Three Metamemory Practices

#1 - Name Everything

Whenever you start a new project, start working with a new group, take on a new role, or start a new major concept work task, spend just a little time upfront anticipating your needs. Most importantly, at the start name everything and everyone and stick to that name. Every project gets a name. Every person gets a name. It takes a few seconds, but it saves you a lot in time spent refinding and reminding. This name then is on every folder, document, email, tag, etc.

#2 - Include Meta Information

The other practice to follow is to include enough information somewhere associated with every object (document, email, bookmark) so that you can find it again via search. Every email should have in the subject line or somewhere in the message. Even if the sender doesn't put it in there, put it in the response. I also tend to try to put in the names of participants in meetings in my notes and possibly other names like the client. All of this makes searching SO MUCH EASIER.

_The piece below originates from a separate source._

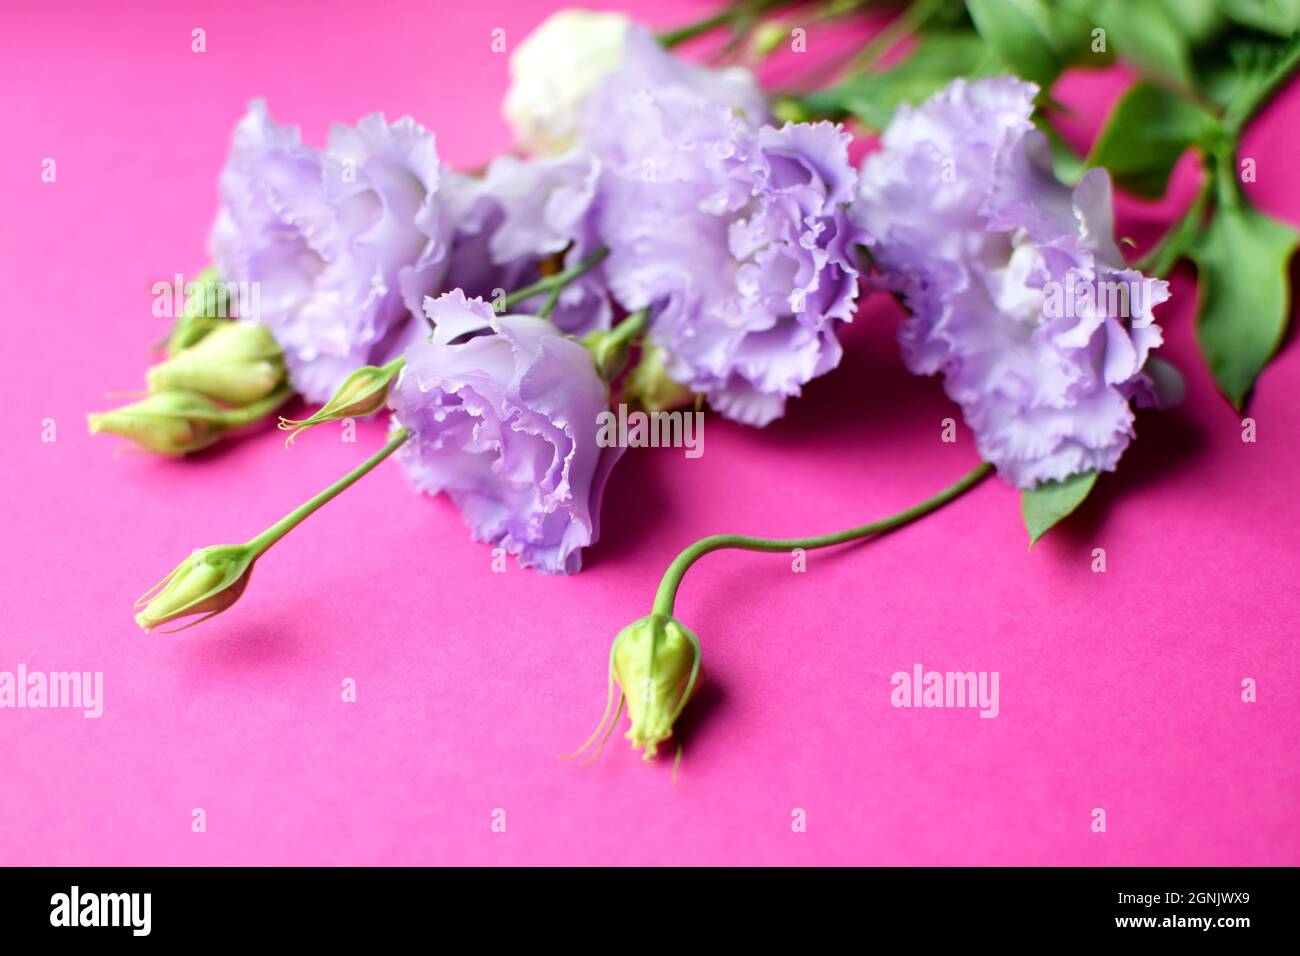 Beautiful purple eustoma flowers (lisianthus) in full bloom with buds leaves. Bouquet of flowers on fuchsia  background. Stock Photo
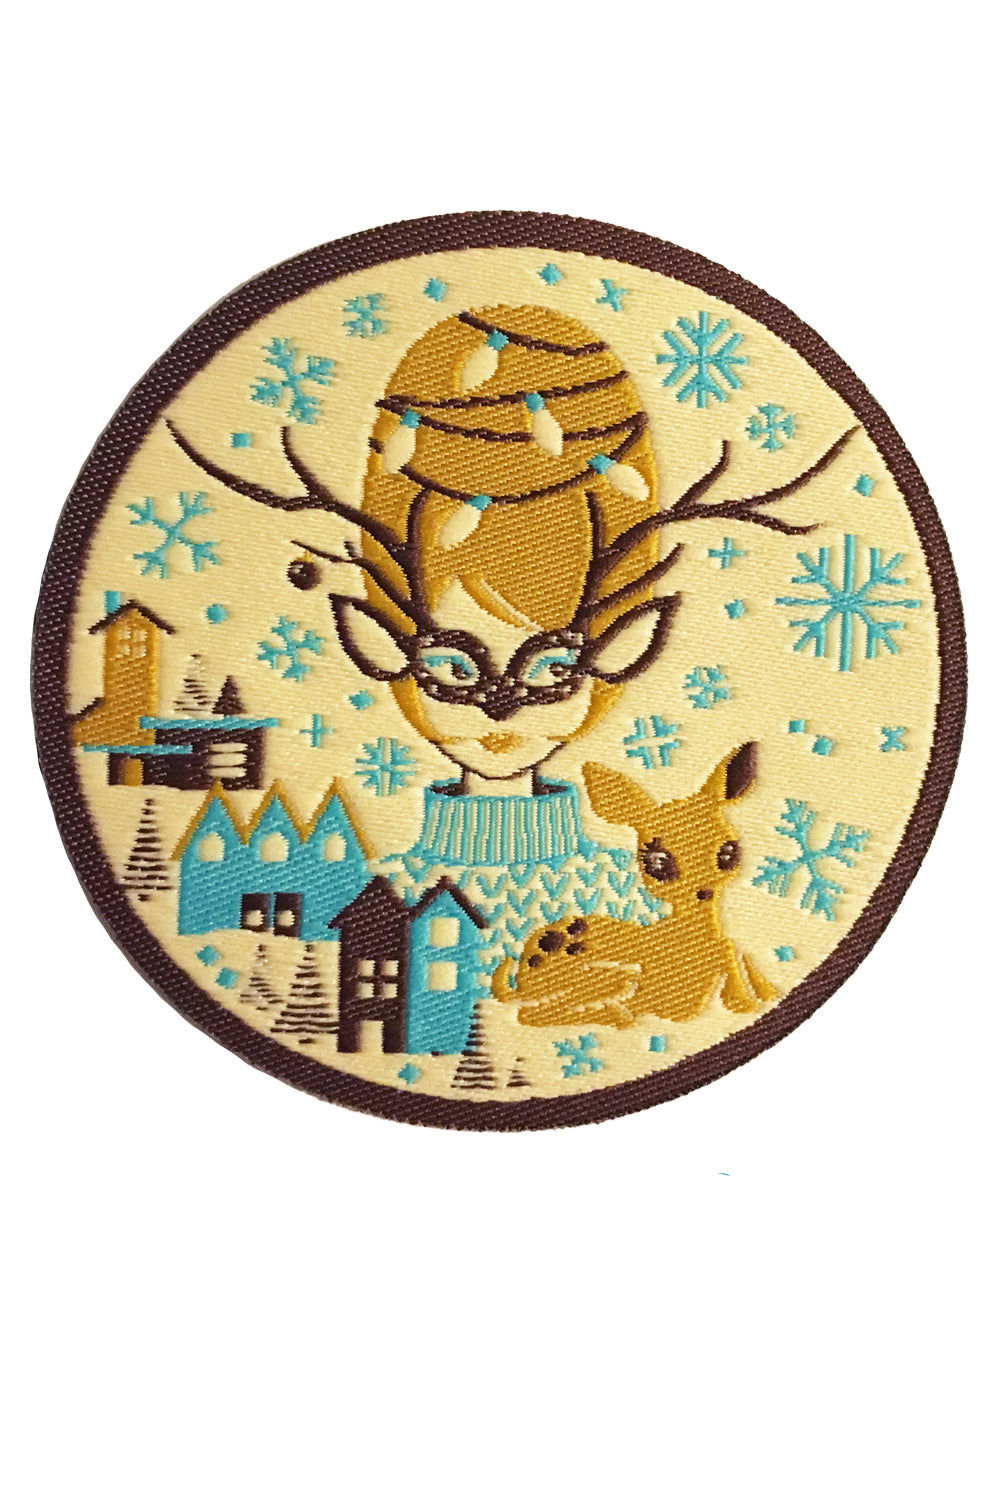 Round iron on patch with brown, gold and aqua print of Christmas girl with beehive hair, deer and putz houses

This is a big reason why I say that desktop search has become my biggest productivity boost.

#3 - Visit Every Page

Theoretically you can use Google to refind whatever you found before. But I often find that doesn't seem to work in practice. Thus, I make sure that any page that I might ever want to see again, I visit. That puts it into my Google History. My chances of finding it again go up considerably. This also means that when you find a magazine article that's interesting. You should go visit it online as well. That's extra work, but it makes it refindable.